Yes, the term ‘divorce’ may be searched by local clients who want a divorce. But it can also be used by a globe full of people who want to hear about Madonna’s latest divorce. Or that want divorce attorneys in Alaska or Nepal, but click on John Q. Public’s link and tie up their phones unprofitably because they glanced casually over the John Q. Public site and missed the location. It’s a great way to run up cell phone charges and overload your inbox with email inquiries from people who will never ever use your services. It’s an awful way to use SEO.

4. “SEO Means An Ugly Site”

Wrong. In fact very wrong. Search engines, it’s true, have no more aesthetic sense than Arnold Schwartzeneggar in Terminator. They can’t tell pretty from ugly or (much, much more important) whether the visual elements of your site support and further the overall goal of your site, and the brand image you want to project.

But let’s be fair. They don’t insist on a bad or inappropriate visual look. It’s just as easy to have a beautiful, memorable, right-on-target look as an clunky geeky one.

But you don’t have to have a good-looking site to end up high in the search results, and that’s the origin of this myth. SEO experts are hired to get you on Page One, not to make you look good once you’re there. So as a rule they don’t. And why should they? They’re not designers. It’s not their job. The price the client pays, of course, is a less attractive, less appealing site, which makes a poorer impression and results in a lower overall conversion rate of viewers to buyers. It’s too bad. The moral you should take away from this? Good design and bad SEO is bad. Bad design and good SEO is not too great either. Good design and good SEO? Bull’s eye.
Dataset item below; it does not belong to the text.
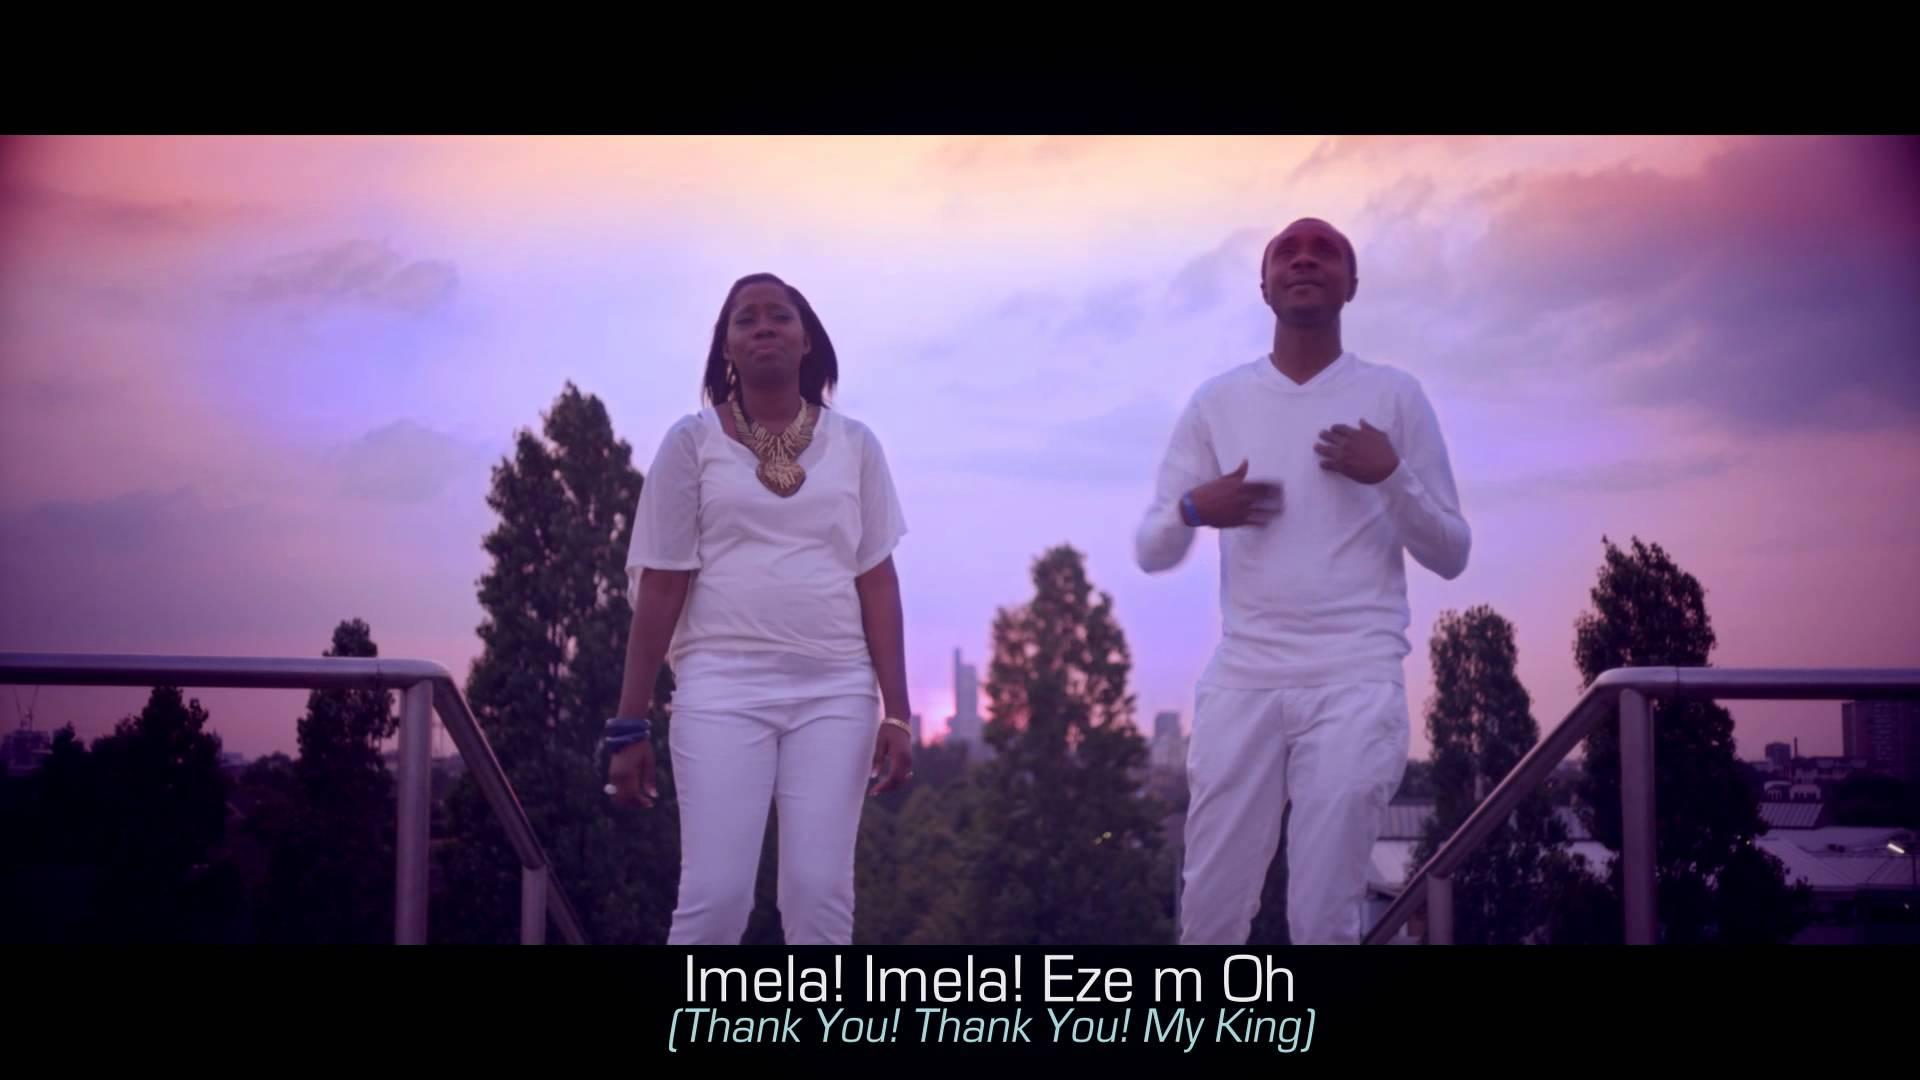 Afrikkalaisen gospelmusiikin viikko – Nathaniel Bassey feat. Enitan Adaba, Imela (Thank You)

How do you do it? Cross-pollinate: get good designers and people who know the marketing implications of design, and get people who are SEO savvy. Don’t segregate them. See that they work together, and that they work well together. If you can find all three in one tight agency or (even better and more affordably) in one person, you’ve really struck gold.

Another reason for the myth of ugly SEO is, of course, Flash. Search engines do not like Flash. Many web designers and all agencies love Flash. Its effects are spectacular, its look can be stunning, it’s trendy, it’s cool, and people who do it can often charge a mint for it (even though “Skip Intro” is still the second-most clicked button on the internet). So Flash providers invariably howl when you bring up the fact that Flash is SEO-challenged to the max. But what you hear is Freudian denial: Flash does have its virtues, but it’s never an SEO plus.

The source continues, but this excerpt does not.